Zahlungsmittel der Zukunft

Die digitale Zukunft unseres Vermögens
Digitale Zahlungsmittel befinden sich in Deutschland auf dem Vormarsch, aber wir hinken da im Ländervergleich stark hinterher. Ein schönes Beispiel ist immer die Niederlande, in der wir ohne Kreditkarte viele Dinge gar nicht erst bezahlen können.
Bereits seit einiger Zeit ersetzt die bargeldlose Zahlung vielerorts das bare Geld. Es ist sicher nur mehr eine Frage der Zeit, bis wir alles digital online bezahlen. Online Payment ist viel mehr als nur eine Modeerscheinung, es ist der Trend unserer Zeit und wird vor allem unsere Zukunft sein.

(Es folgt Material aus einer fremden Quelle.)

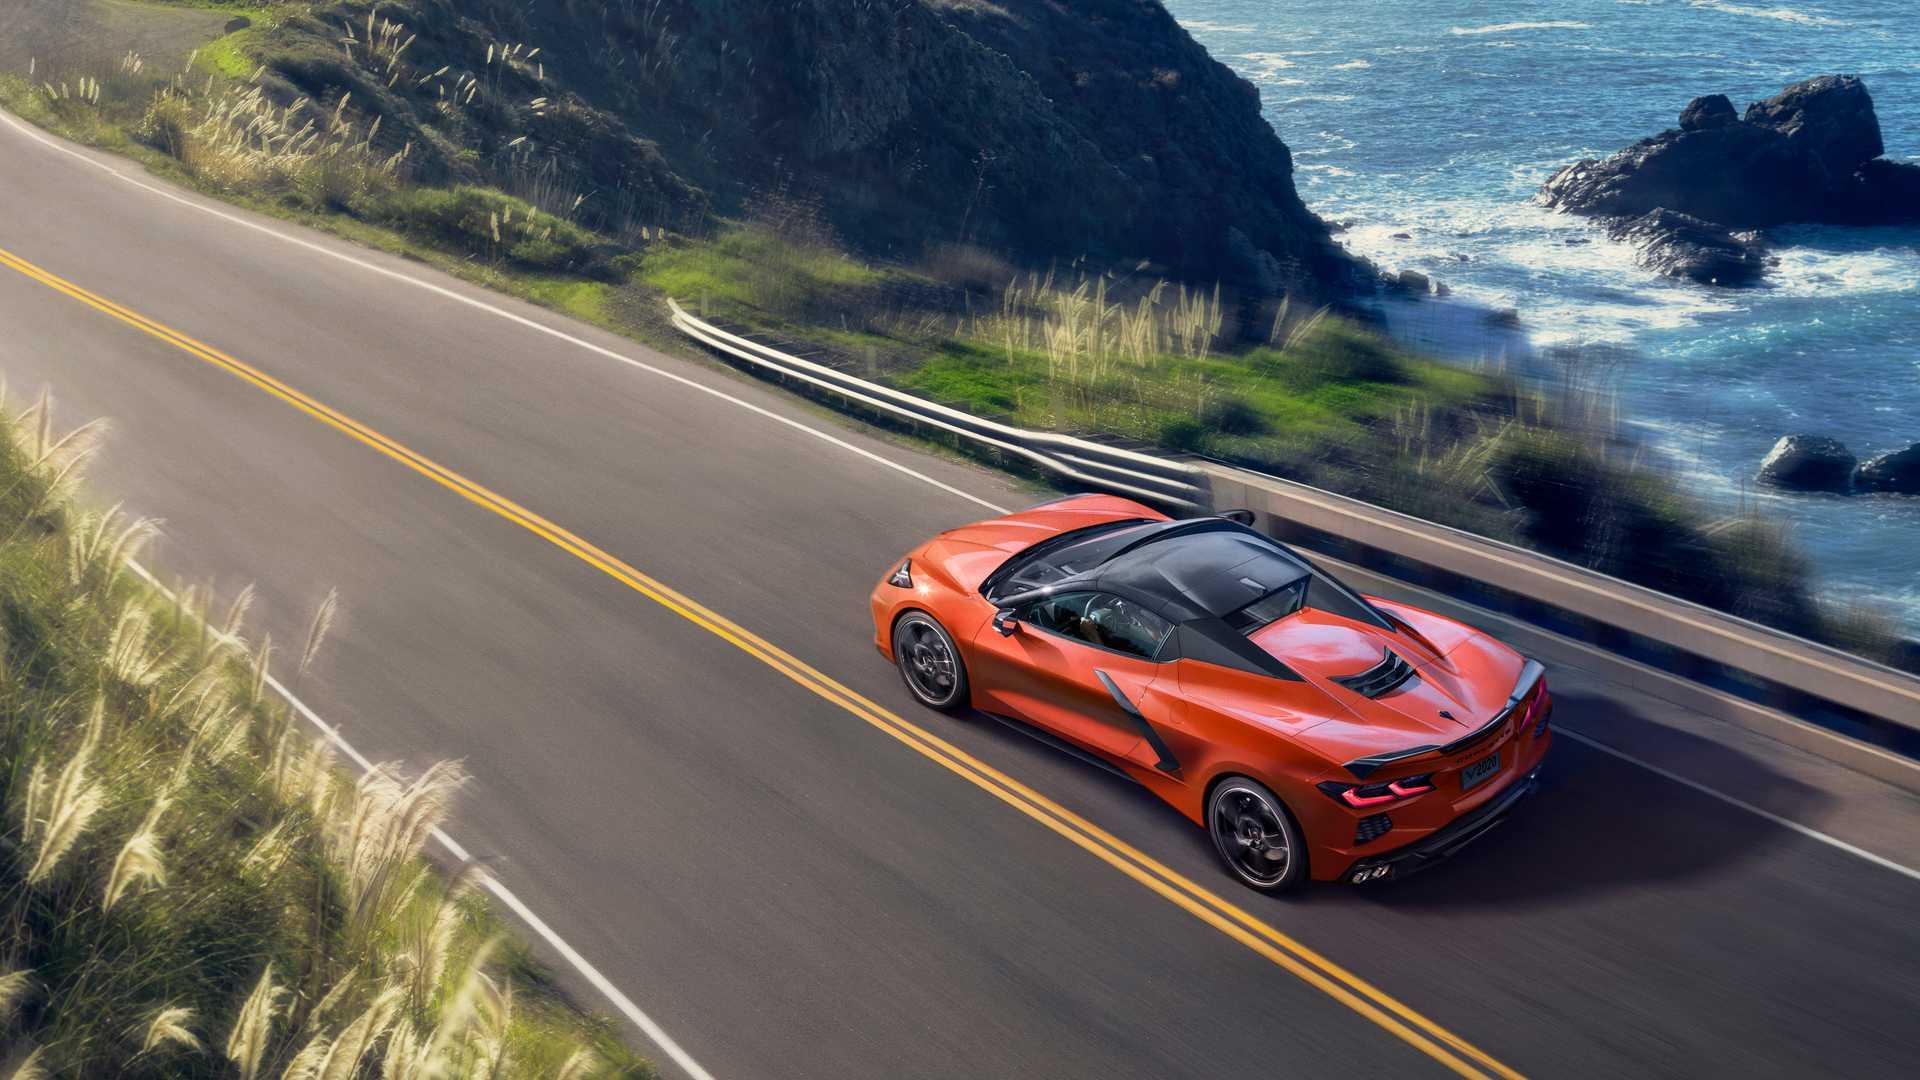 2020-chevrolet-corvette-convertible-2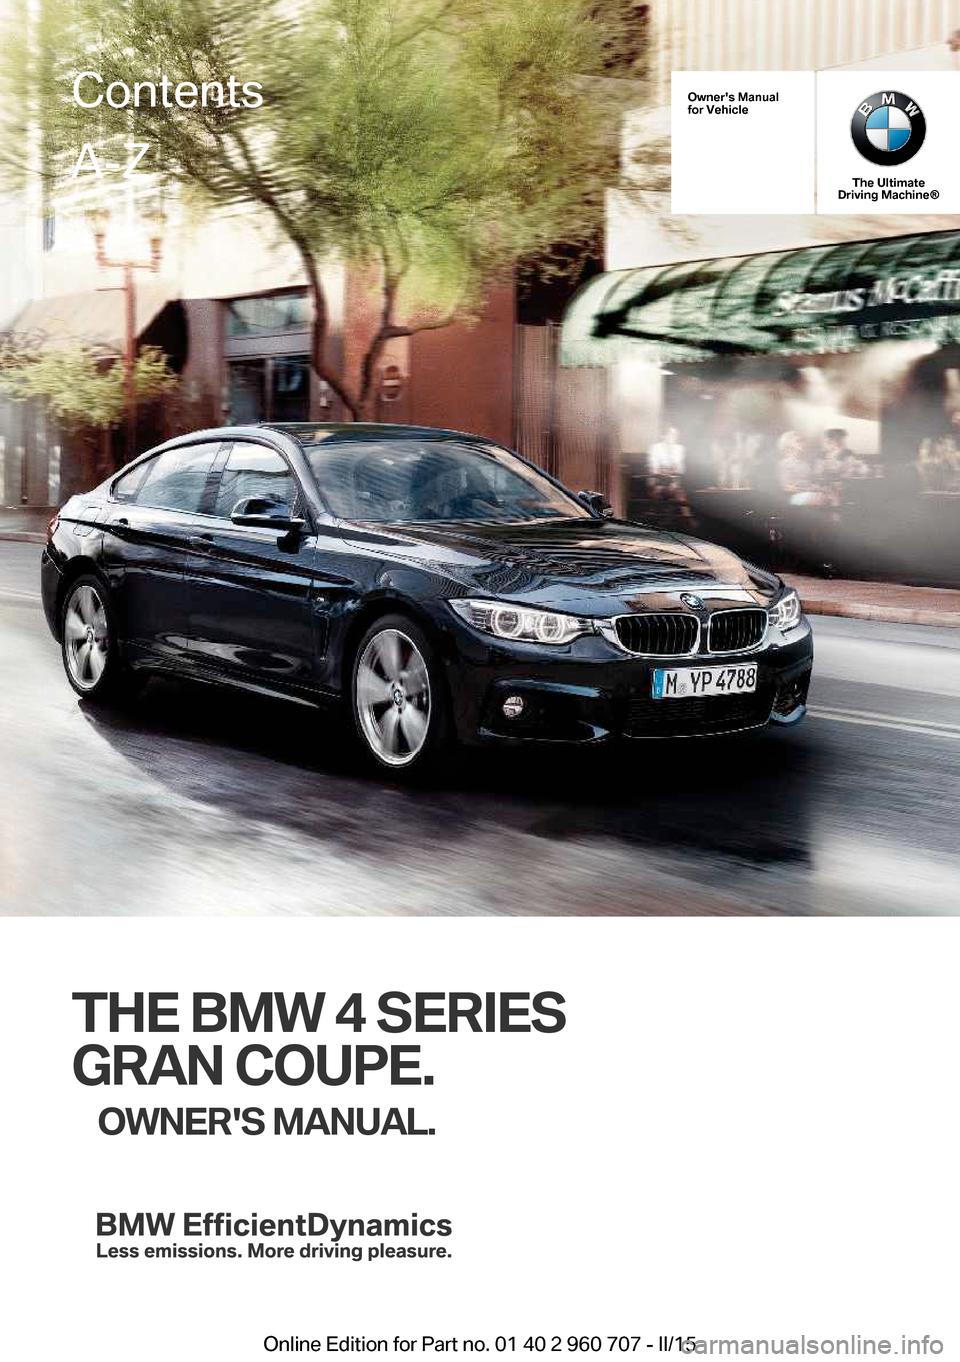 bmw 4 series gran coupe 2016 f36 owner 39 s manual. Black Bedroom Furniture Sets. Home Design Ideas

Viele Länder diskutieren derzeit über die Abschaffung des Bargelds.
Die Menschen haben aber davor auch Angst, da sie so ihr Vermögen nicht mehr „griffbereit“ haben, sondern ihnen nur mehr virtueller Zugang zu den Zahlungsmitteln gewährt ist. Das Sparbuch und das Girokonto sind Fundamente unserer Zahlungen, denn schon der Wegfall der lokalen Bankfilialen ist für viele Menschen schwer zu verarbeiten. Mit dem ausgefüllten Überweisungsträger seine Zahlungen machen ist beinahe ausgestorben, denn heute haben viele ihr Konto bei Online-Banken, die komplett ohne Filialen und Papier auskommen.
Bargeldlose Bezahlmöglichkeiten
Das Online-Payment als Zahlungsmittel bietet viele Vorteile und die Verbraucher profitieren auch davon. Die bedeutet, dass Geld nicht physisch, sondern digital in Echtzeit ausgetauscht wird. Daher fallen die Kreditkartenzahlungen, die bereits eine Abwendung vom Bargeld-System bedeuteten, nicht unter dieses System. Vorreiter der bargeldlosen Bezahlung war Paypal, unter dessen Gründern auch Elon Musk war. Es wurde so beliebt, da diese Zahlungsart dem Verbraucher große Sicherheit bietet und die Zahlung in Echtzeit erfolgt. Das heißt, es gibt keinen Vermittler zwischen Verkäufer und Käufer, der gesamte Vorgang verläuft digital.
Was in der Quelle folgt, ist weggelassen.